Systems and methods for multi-dimensional aggregation. Exemplary embodiments include a method for retrieving data from an inverted list index within a computer system, wherein the index comprises annotated postings, the method including receiving a query in a system, converting the query into a query language, scanning at least one list of postings for data from the query, aggregating the data in the list, thereby resulting in an aggregated list, wherein the aggregating includes recording the occurrence of unique values from the list, mapping the values using a user-provided definition to an alternate value, grouping the values by a user-provided mapping of values to groups, recording and mutating data associated with the unique value in the list, relating the recorded data values with other values in the index and returning the requested data from the aggregated list in a return format.

Description

    CROSS-REFERENCE TO RELATED APPLICATIONS
  • This application is a continuation of U.S. patent application Ser. No. 11/686,639, filed Mar. 15, 2007, the disclosure of which is incorporated by reference herein in its entirety.
  • TRADEMARKS
  • IBM® is a registered trademark of International Business Machines Corporation, Armonk, N.Y., U.S.A. Other names used herein may be registered trademarks, trademarks or product names of International Business Machines Corporation or other companies.
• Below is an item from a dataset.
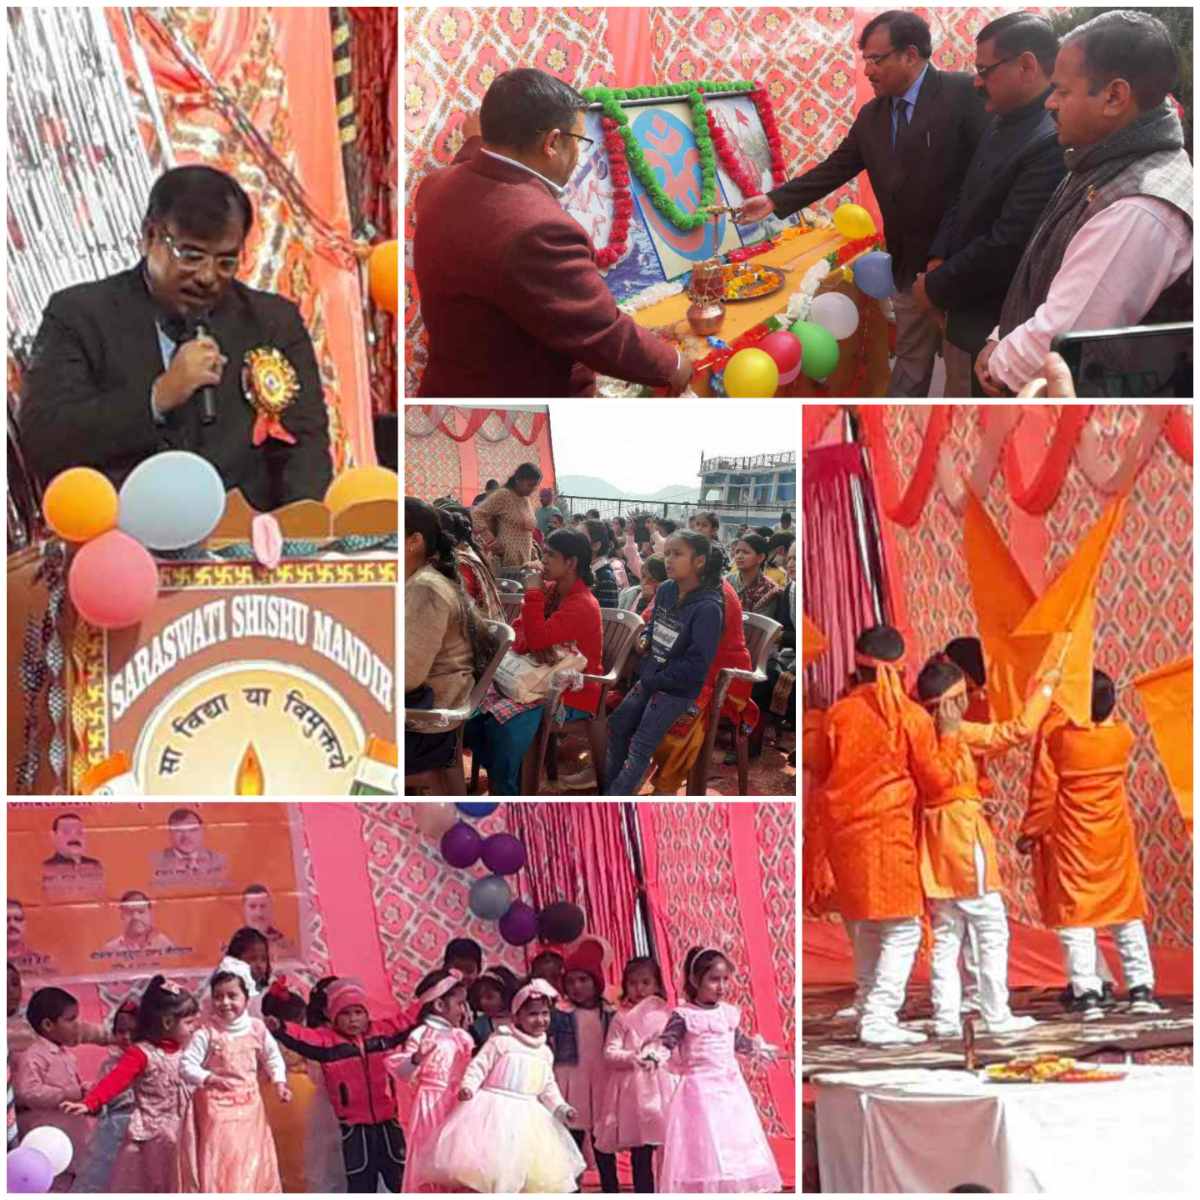 सरस्वती शिशु मंदिर सी ब्लॉक नई टिहरी का वार्षिकोत्सव समारोह धूमधाम से संपन्न हुआ

  • BACKGROUND OF THE INVENTION
  • 1. Field of the Invention
  • This invention relates to inverted indexes used in text corpora indexing, and particularly to systems and methods for multi-dimensional aggregation.
  • 2. Description of Background
  • An inverted index is constructed over a given corpus of documents, and consists of two primary structures, 1) a dictionary of all the unique terms in the corpus and, 2) for each term in the dictionary, a list of documents that contain the term. The area of large text indexing is active research space and many advancements have been made over the years toward improving the efficiency, performance and scale of indexes. Yet the general functionality of an index has not changed drastically during that period.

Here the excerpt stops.